What I failed to consider, though, was the other reason the Mirena and it’s constant stream of period-stopping hormones were so important for my daily function – dysautonomia.

Like so many other women, my dysautonomia is aggravated by the hormonal fluctuations and mineral loss a menstrual cycle brings.

Monday, while working, I went to grab my lunch and head to the break room. It was when I turned to grab my Kindle that I dropped to the ground. My heart was skipping furiously, I could not breath. I was suddenly so weak I couldn’t move from the floor. I sat there for ten minutes, until a co-worker came by and noticed me. Thinking I needed to eat, that somehow that would make me feel better, I had this person ready my food and sit with me while I ate it. After doing so, the dizziness wasn’t as strong so I tried standing. Immediately, I dropped once again and my husband was phoned. It was bad. So bad that I had to be wheeled to the car.

I got home, managed to hang on to my poor husband as he carried me into the house, and I slept all afternoon and half of the evening. I felt so exhausted. I needed help getting to the bathroom and couldn’t take care of myself.

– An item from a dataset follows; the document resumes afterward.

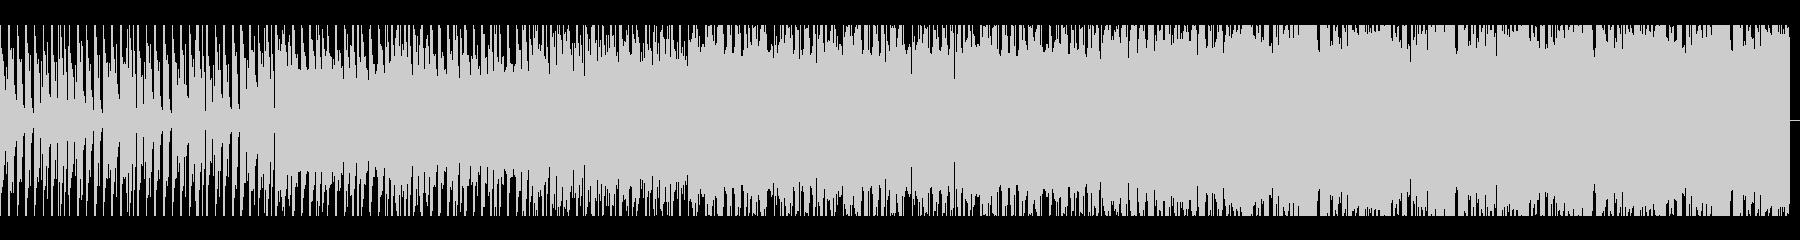 EDM K-POP フューチャーベースの未再生の波形

Yesterday, I was slightly better but not 100%. I awoke. I went to the bathroom. There I discovered why the dysautonomia – which I’ve been dealing with since July! – was suddenly so bad: my period.

I’m on day 2 and I’m still exhausted. The cramping isn’t terrible (I fear, though, that now I’ve said so it will become bad!). No mood swings or cravings. Actually, my appetite is rather non-existent. The feeling-full-with-very-little-food side effect of dysautonomia has kicked in big time.

The Mirena reinsertion is being attempted again on Monday. I’m hoping my BP doesn’t drop too much so they can get it in. I’m going to instruct them to force the bugger in even if I’m blacked out. I don’t care.